Deep learning models in ArcGIS—ArcGIS Pro

Available with Image Analyst license.

A deep learning model is a computer model that is trained using training samples and deep learning neural networks to perform various tasks such as object detection, pixel classification, detect changes, and objects classification.

You can group deep learning models into three categories in ArcGIS:

ArcGIS pretrained models
Models trained using ArcGIS
Custom models

ArcGIS pretrained models

ArcGIS pretrained models automate the task of digitizing and extracting geographical features from imagery and point cloud datasets.

Manually extracting features from raw data, such as digitizing footprints or generating land-cover maps, is time consuming. Deep learning automates the process and minimizes the manual interaction necessary to complete these tasks. However, training a deep learning model can be complicated, as it requires large quantities of data, computing resources, and knowledge of deep learning.

With ArcGIS pretrained models, you do not need to invest time and effort into training a deep learning model. The ArcGIS models have been trained on data from a variety of geographies.

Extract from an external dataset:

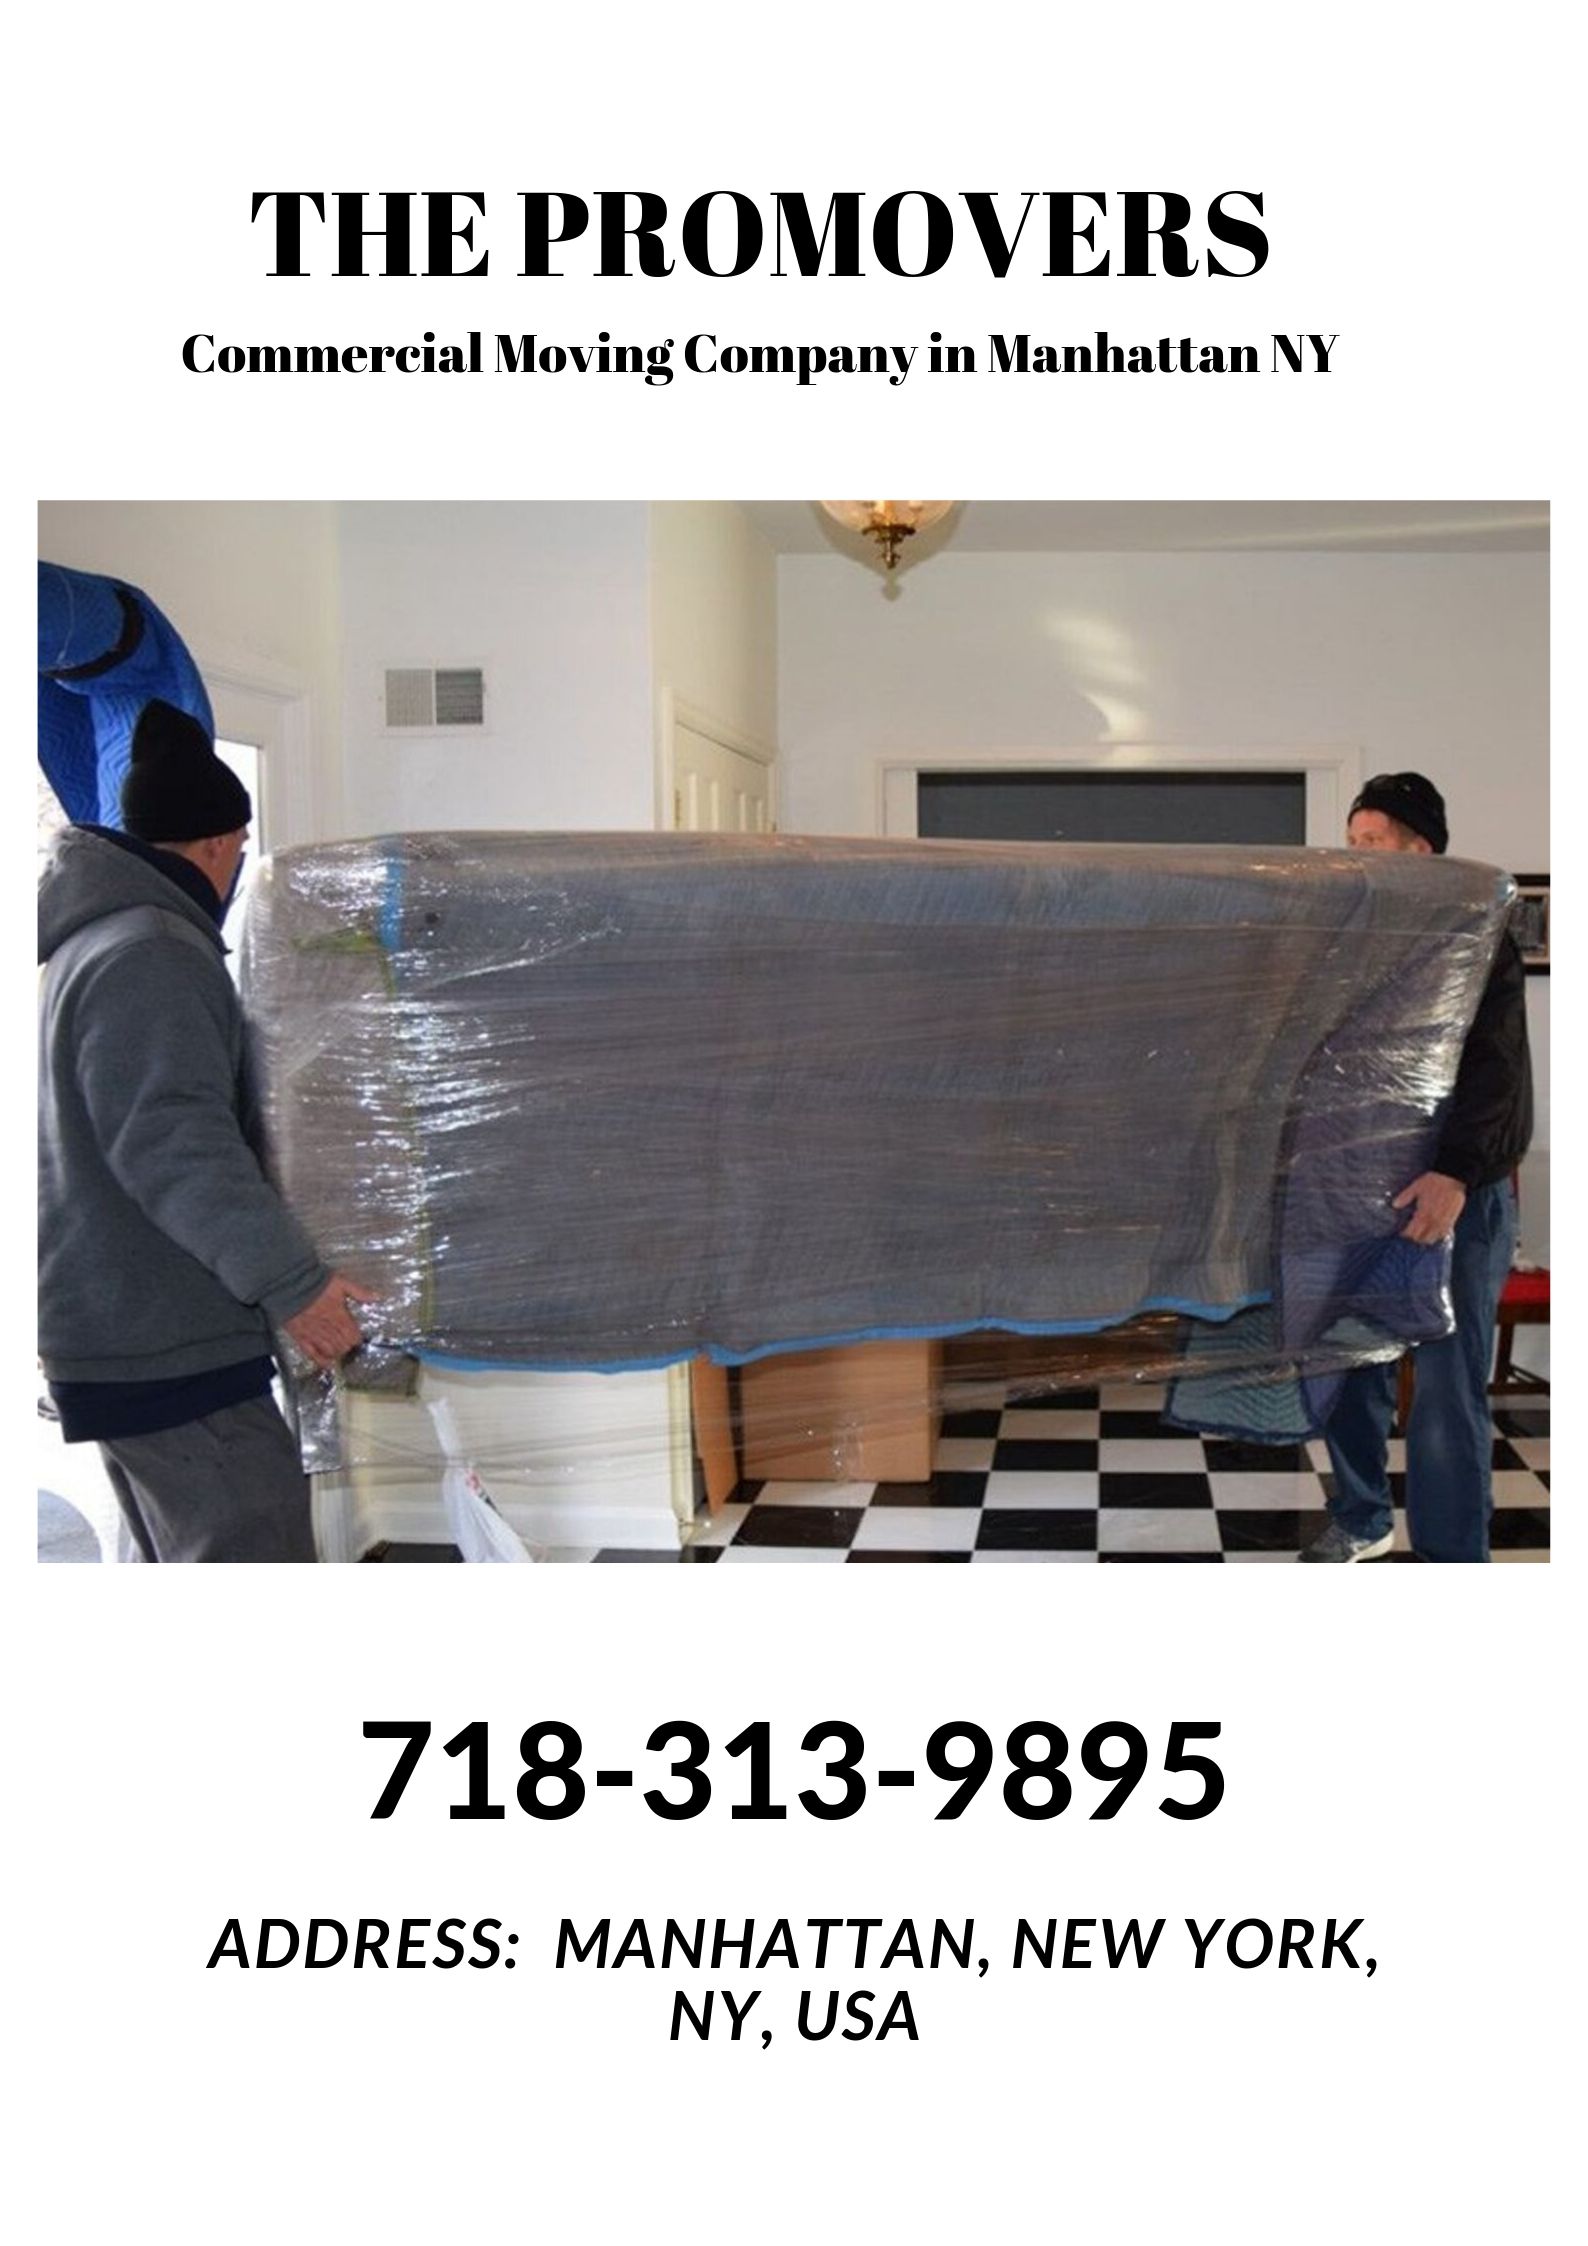 Affordable Local Moving in Manhattan NY

As new imagery becomes available to you, you can extract features and produce layers of GIS datasets for mapping, visualization, and analysis. The pretrained models are available on ArcGIS Living Atlas of the World if you have an ArcGIS account.

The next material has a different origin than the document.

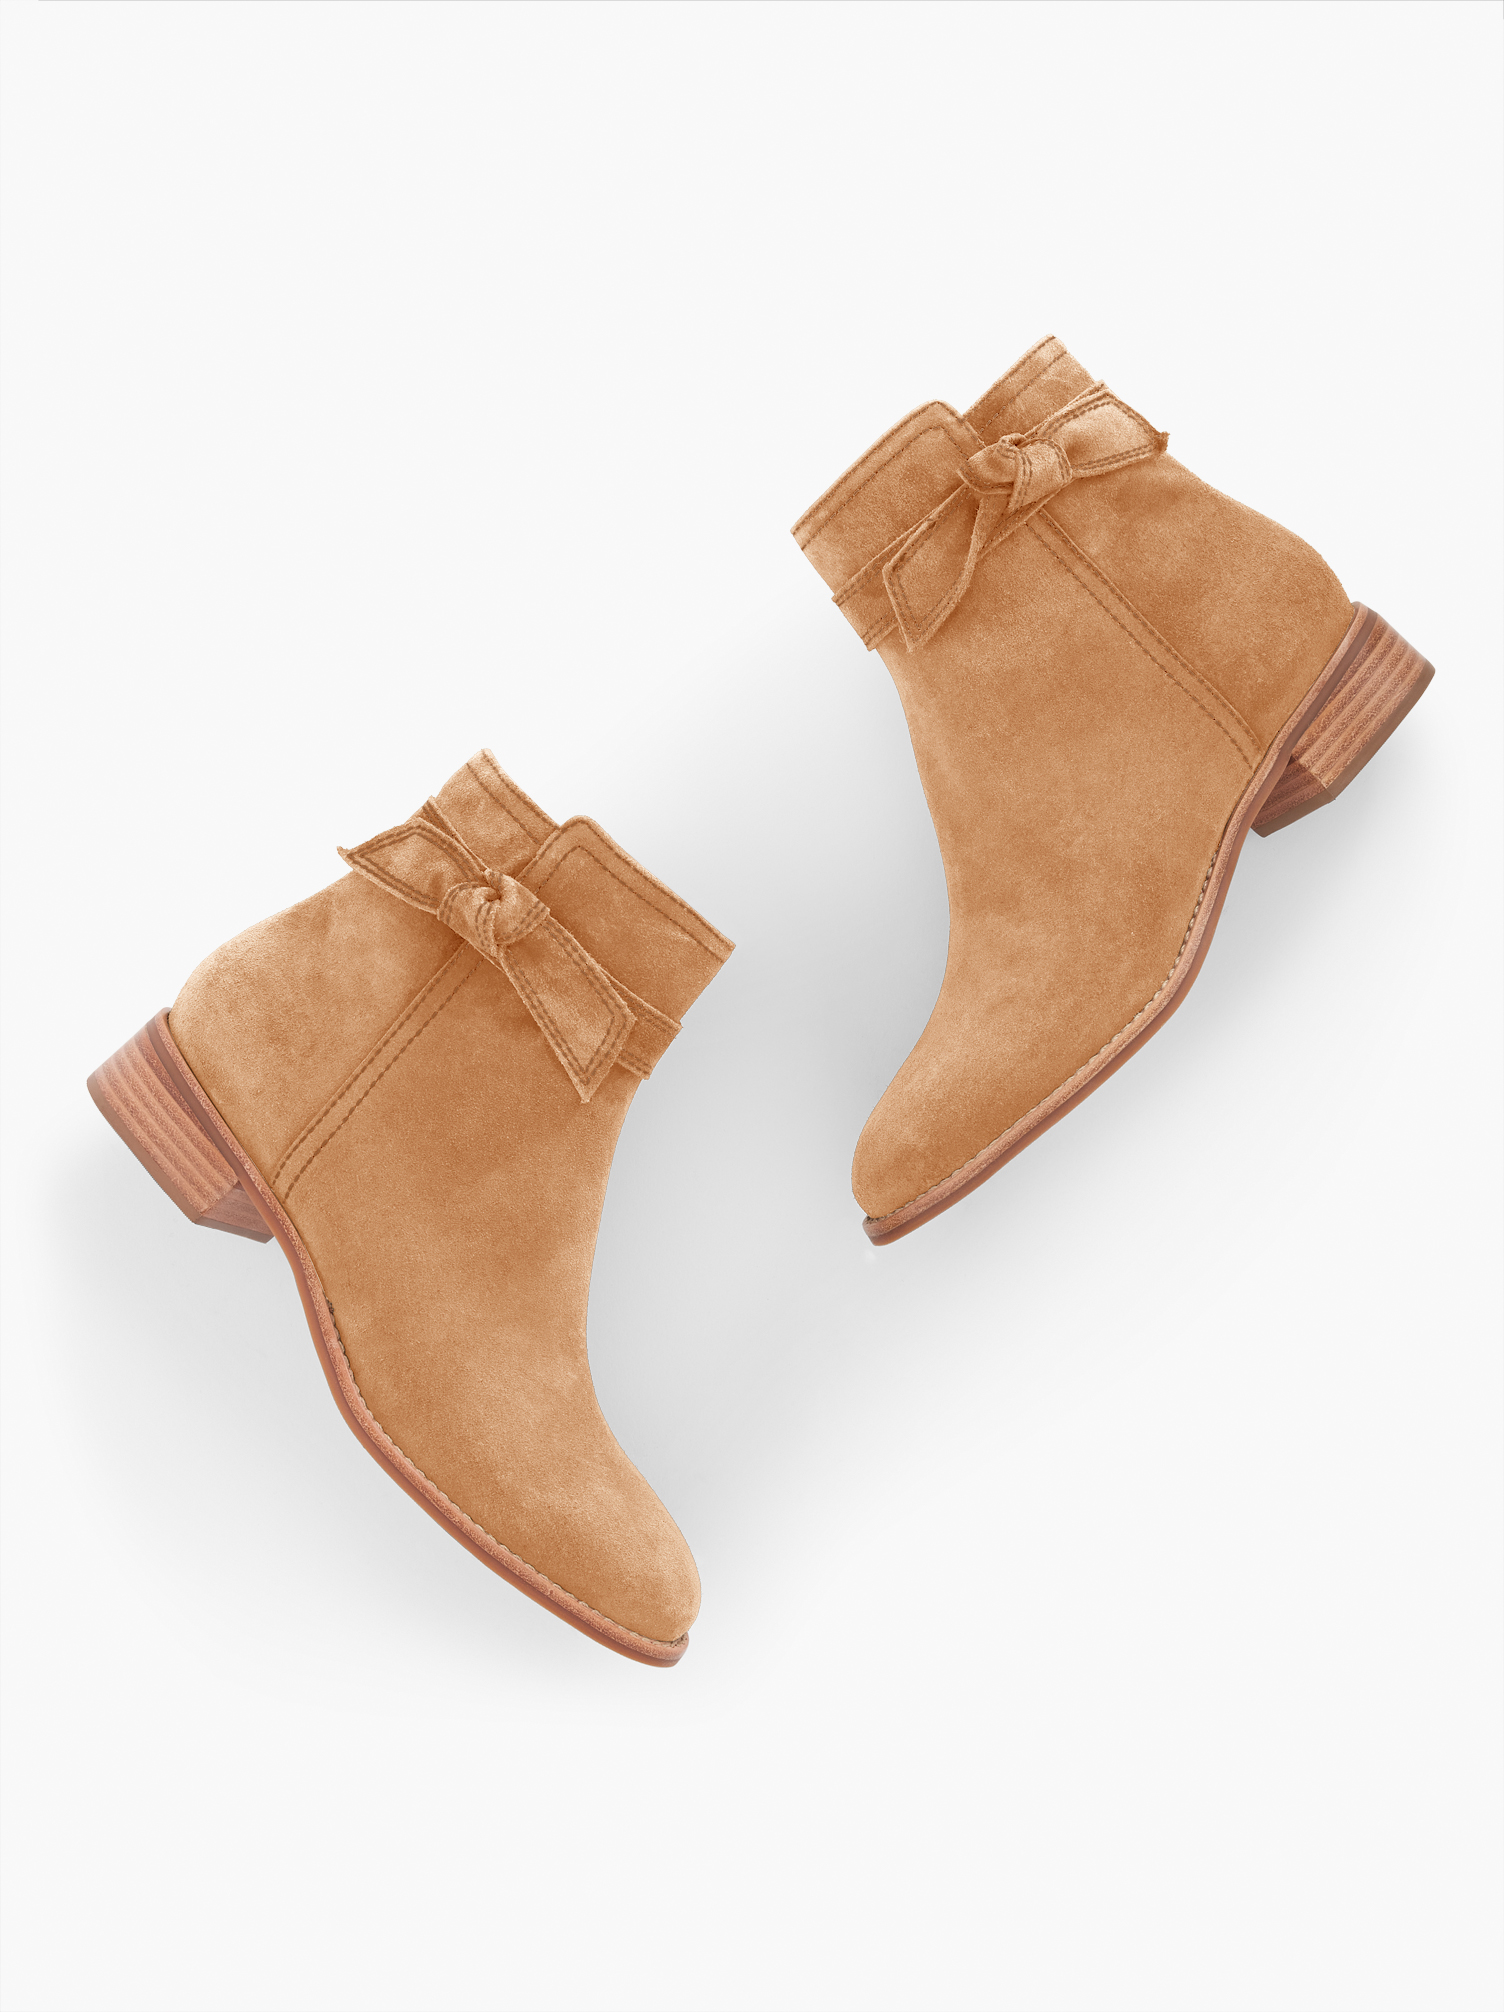 Talbots Tish Bow Ankle Boots - Suede - Light Toffee - 11m

Models trained using ArcGIS

For various reasons, you may need to train your own models. An example of such a scenario is when the available ArcGIS pretrained model is trained for a geographic region that is different from your area of interest. In such situations, you can use the Train Deep Learning Model tool. Training your own model requires additional steps, but it typically gives the best result for a specific area of interest and use case. The tool trains a deep learning model using the output from the Export Training Data For Deep Learning tool. Both tools support most popular deep learning metadata formats and model architectures.

For more information about the various metadata formats, refer to the Export Training Data For Deep Learning tool documentation. For more information about the various models types, refer to the Train Deep Learning Model tool documentation.

Custom models

Deep learning model inferencing in ArcGIS is implemented on top of the Python raster function framework. Many deep learning models trained outside of ArcGIS can be used in ArcGIS for inferencing; however, this requires the inference function to be customized and the correct packages to be installed that support the model. The raster-deep-learning repository provides guidance on deep learning Python raster functions in ArcGIS, as well as how to create custom Python raster functions to integrate additional deep learning models in ArcGIS. These models are considered custom models.

Deep learning model contents

A typical model trained in ArcGIS contains the folder and files shown in the following image and listed below:

loss_graph.png—Shows the train and validation loss for the batches processed. This is used in the model_metrics.html file.
show_results.png—Shows sample results for the model. This is used in the model_metrics.html file.
training_validation_loss.json—Shows the training and validation loss per epoch.
model_metrics.html—Contains information about the trained model such as the learning rate, training and validation loss, and sample results.
model_name.pth—Contains model weights.

Depending on the model architecture, the model folder may contain additional supporting files such as ModelConfiguration.py.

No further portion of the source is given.